* _Work order_
Without including any images, repeat the listing below exactly.

* _Supplied data_

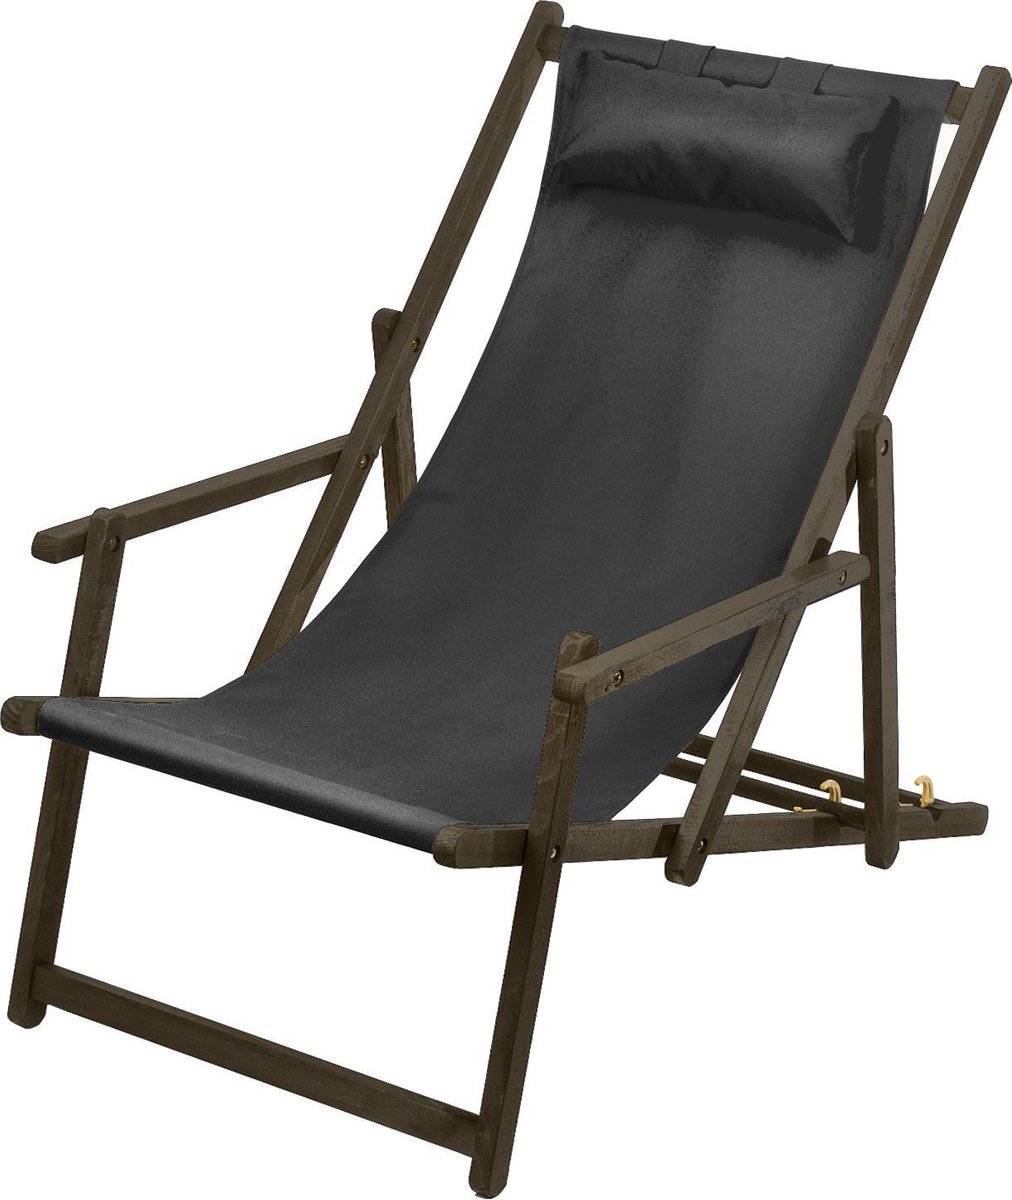 Ligstoel met armleuning en kussen GreenBlue Premium GB283 zwart
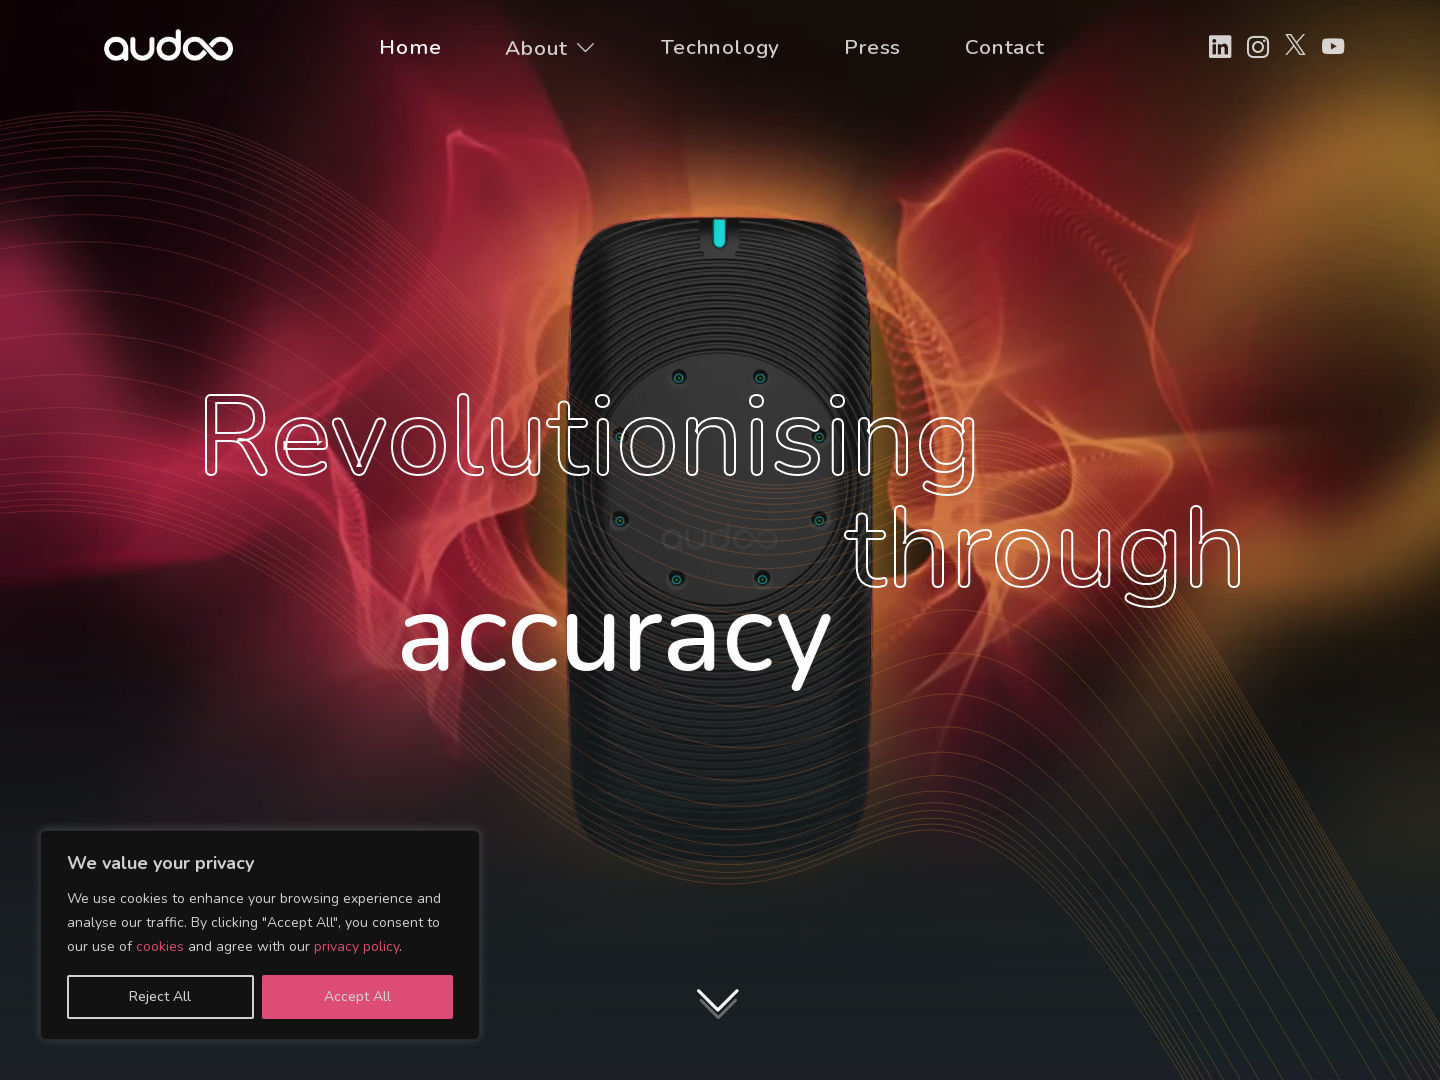 Audoo Raises $5 Million to Expand Music Technology
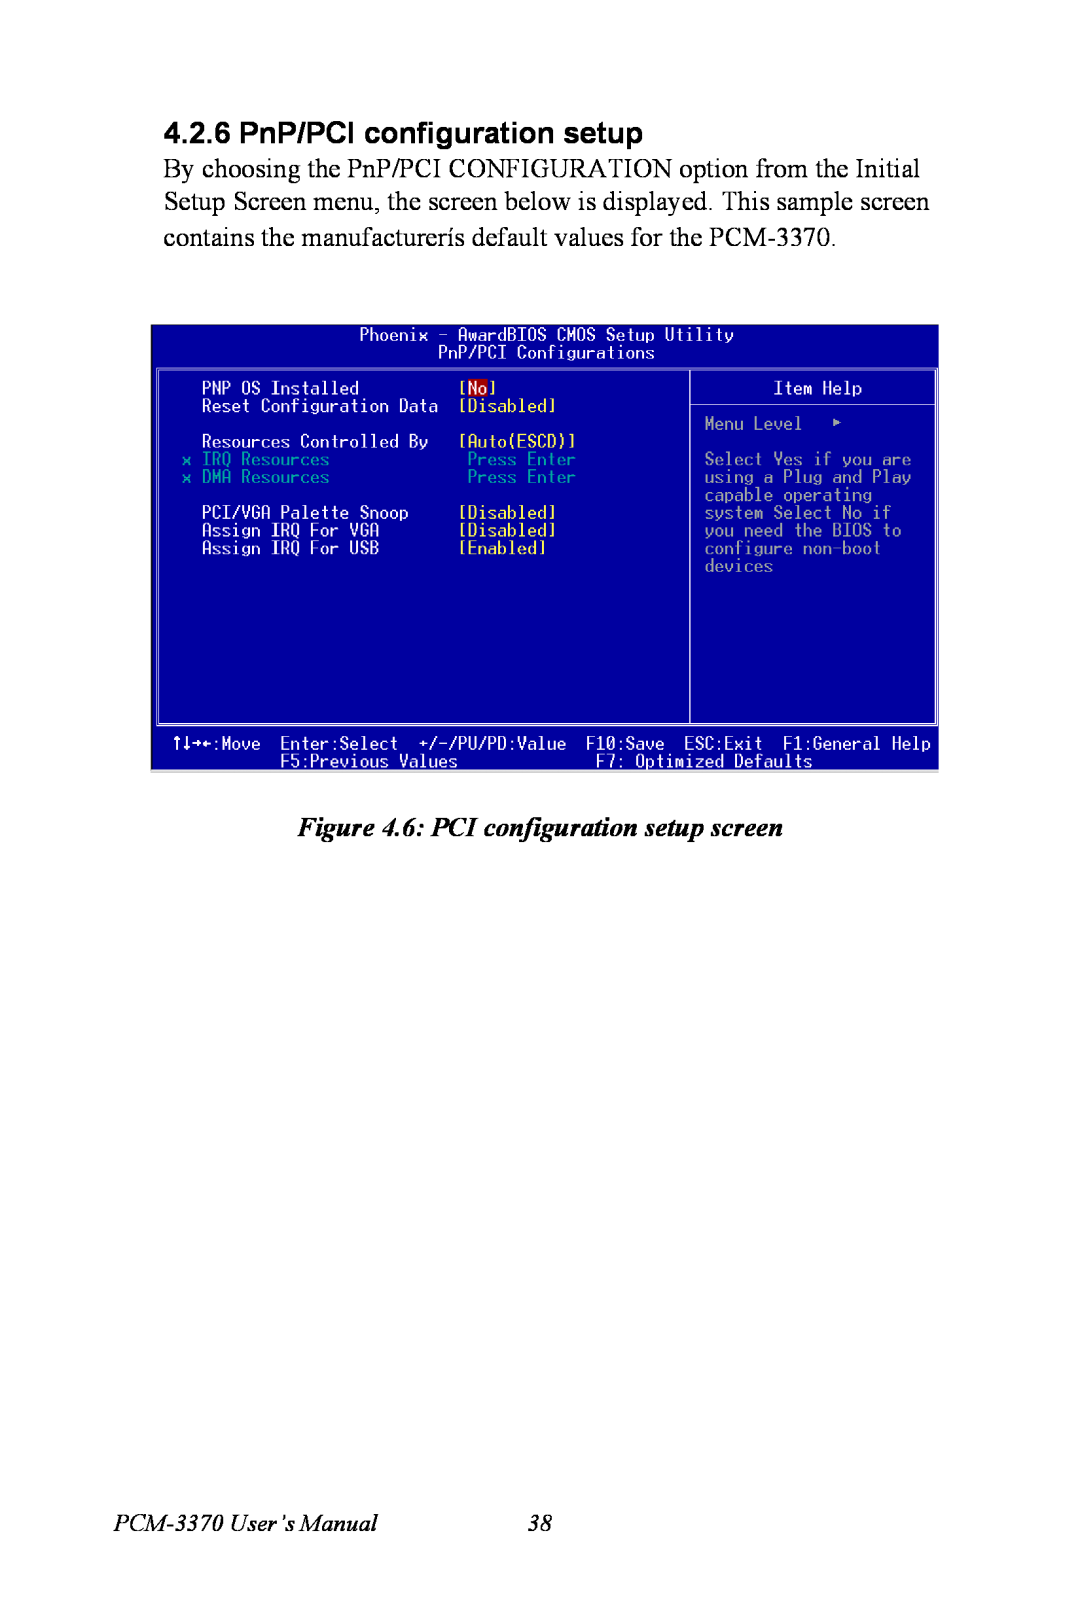 Intel user manual 4.2.6 PnP/PCI configuration setup, 6 PCI configuration setup screen, PCM-3370 User’s Manual

* _Solved problem_
 Ligstoel met armleuning en kussen GreenBlue Premium GB283 zwart
 Audoo Raises $5 Million to Expand Music Technology
 Intel user manual 4.2.6 PnP/PCI configuration setup, 6 PCI configuration setup screen, PCM-3370 User’s Manual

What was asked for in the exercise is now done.